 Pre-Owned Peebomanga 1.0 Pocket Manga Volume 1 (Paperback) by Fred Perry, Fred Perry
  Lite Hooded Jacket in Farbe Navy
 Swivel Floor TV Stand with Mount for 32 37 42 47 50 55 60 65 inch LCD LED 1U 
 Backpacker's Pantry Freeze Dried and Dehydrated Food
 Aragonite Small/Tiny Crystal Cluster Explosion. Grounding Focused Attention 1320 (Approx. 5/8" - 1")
#####
Problem: Your answer must consist solely of the lines from the top of the entries above through the line containing "Backpacker's Pantry Freeze", copied exactly, both ends included.

Exercise solution:
 Pre-Owned Peebomanga 1.0 Pocket Manga Volume 1 (Paperback) by Fred Perry, Fred Perry
  Lite Hooded Jacket in Farbe Navy
 Swivel Floor TV Stand with Mount for 32 37 42 47 50 55 60 65 inch LCD LED 1U 
 Backpacker's Pantry Freeze Dried and Dehydrated Food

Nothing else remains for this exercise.